O cão, ensandecido, fugia de si mesmo como uma pescadinha de rabo na boca. Mariete queimou os pés descalços e rugiu de dor. Num impulso, apanhou o cão que a mordeu no pulso, enquanto ela, com uma força que só o desespero dá, o atirou para dentro do tanque. Depois, lançou-se ela, gemendo de dor, medo e desolação.

O velho abraçou-a e disse o meu cão.

Viram juntos o fogo consumir a mata de eucaliptos que Jorge contava vender para começar a fazer a casa. Viram-no descer para o ribeiro, varrendo campos de milho, a vacaria, o barraco do feno, o palheiro com o trator. Viram-no subir para a outra vertente da serra quando a luz começou a pingar a nascente, expondo um quadro de cinzas, devastação e pequenas fogueiras que acabavam de comer raízes grossas.

Sabes que uma tragédia acabou de acontecer quando tudo o que existe é silêncio e destruição.

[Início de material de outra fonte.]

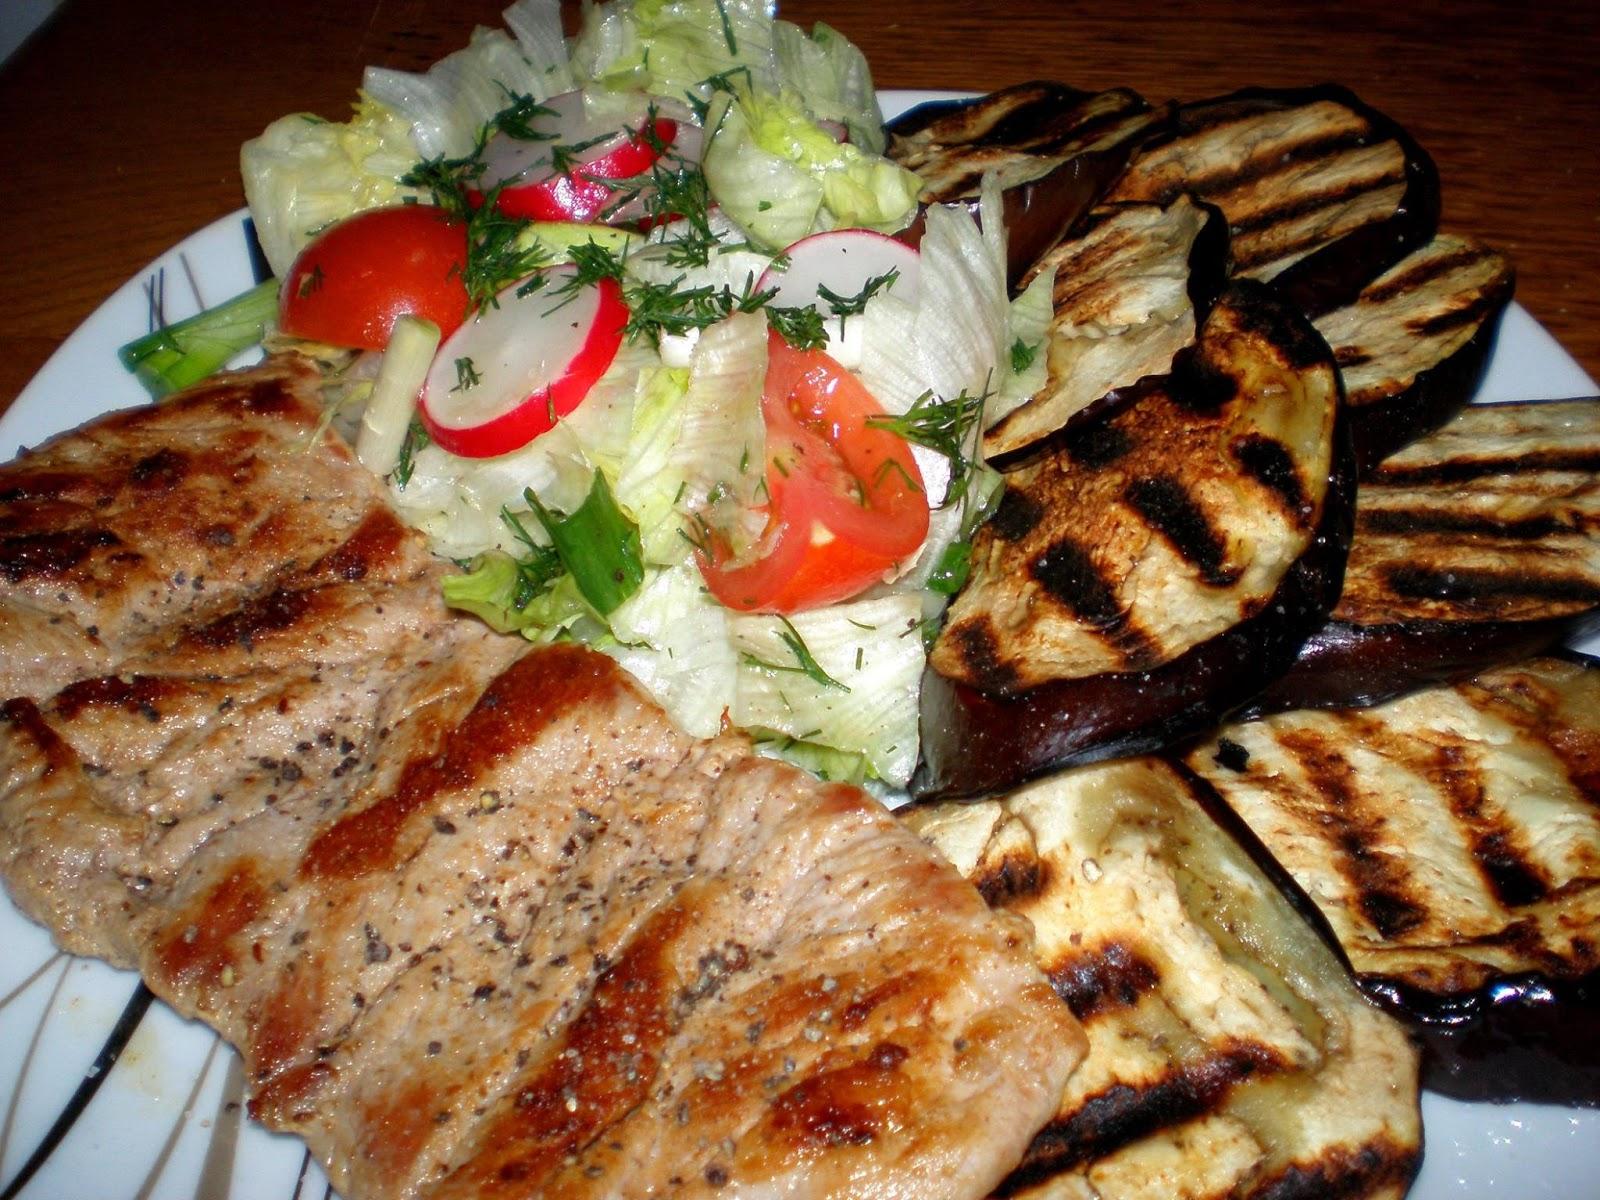 Mușchiuleț de porc, vinete pe grill și salată iceberg

A rapariga ligou os pés e o pulso com farrapos da camisa da farda e vestiu roupa que escapou no estendal. Esperava que Jorge aparecesse para a levar ao hospital. Continuavam sem luz, sem telecomunicações, sem água. O velho estava entretido a tratar do cão quando apareceu o carro da GNR. Os agentes reagiram como se tivessem visto fantasmas, não contavam encontrar vivos. Levaram a rapariga para o centro de saúde e quiseram transportar o velho para o estádio municipal onde uma multidão de desalojados e deslocados se foi concentrando. Ele não foi, recusou-se a abandonar o bicho.

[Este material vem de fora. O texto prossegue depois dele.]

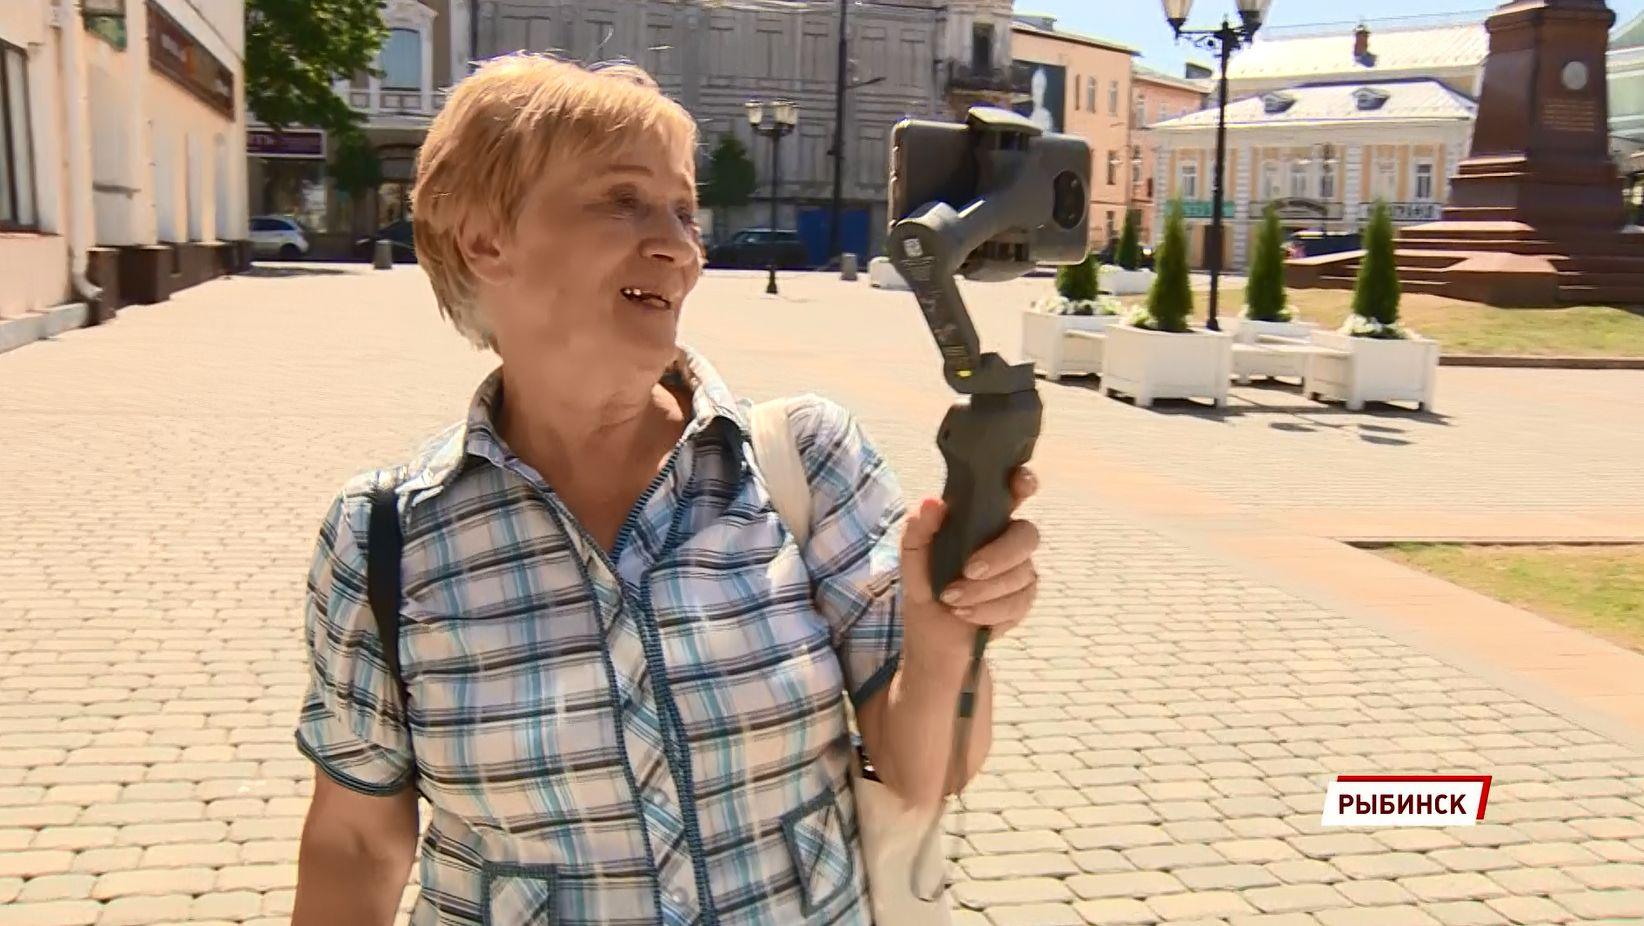 Рыбинский блогер баба Таня покоряет просторы интернета

Foi na sala de espera do consultório que Mariete viu as imagens horríveis: uma estrada cheia de carros queimados, corpos ao lado… os jornalistas falavam em mais de 50 pessoas mortas… e, no meio do pesadelo que parecia interminável, a pior das suspeitas: o jipe do Jorge.

Chegou a casa do Tio João no carro do Zé Pedro. Mancava e tinha dificuldade em respirar. Murmurou entre soluços:

— O Jorge...

O velho primeiro riu-se, depois emudeceu e foi para as traseiras. O Pica estava agitado, latia e gania. De repente, ouviram um gemido agudo e não sentiram mais o cão. O Tio João voltou com a camisa respingada de sangue e a navalha ainda aberta.

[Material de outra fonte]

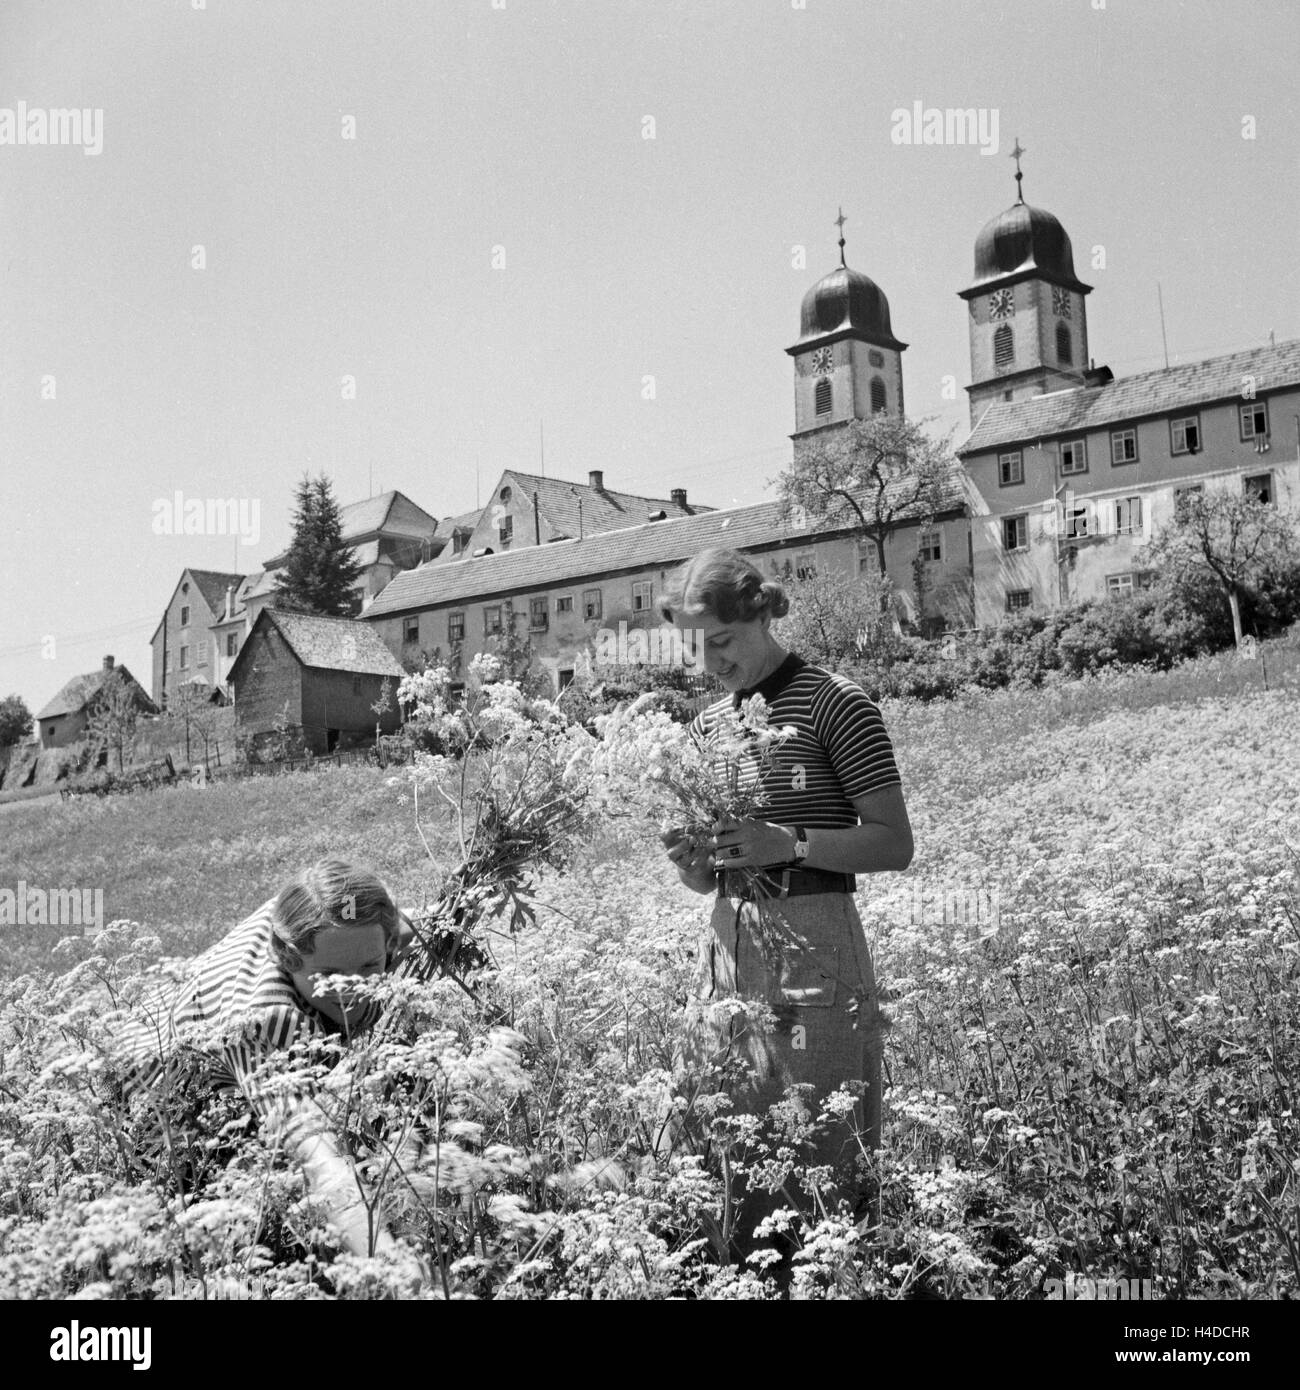 Kirche in St. Märgen Im Schwarzwald, Deutschland, 1930er Jahre. Kirche von St. Maergen im Schwarzwald, Deutschland Stockbild

— Podeis ir. Já não tenho mais nada.

Eles ficaram pasmados.

— Desaparecei – urrou!

No dia do funeral, o velho foi à vila tratar de papéis. Depois dirigiu-se ao lar de idosos, onde morreu um mês depois.

Com as primeiras chuvas de outono, despontavam entre as cinzas rebentos verdes de giestas e tojos. Mariete ainda coxeava enquanto percorria o caminho que levava ao moinho onde ela e Jorge se beijaram numa tarde de domingo.

O Tio João deixara-lhe tudo quanto tinha: a ruína da casa, as matas, os campos e algum dinheiro. Fénix foi o nome que ela escolheu para o projeto de agricultura biológica que iria encetar nos terrenos herdados.

Os pés cicatrizados pisaram descalços a terra e uma ideia ocorreu à sua mente: qual terá sido o maior silêncio já registado? Suspeitava que o ouvia ali na aldeia.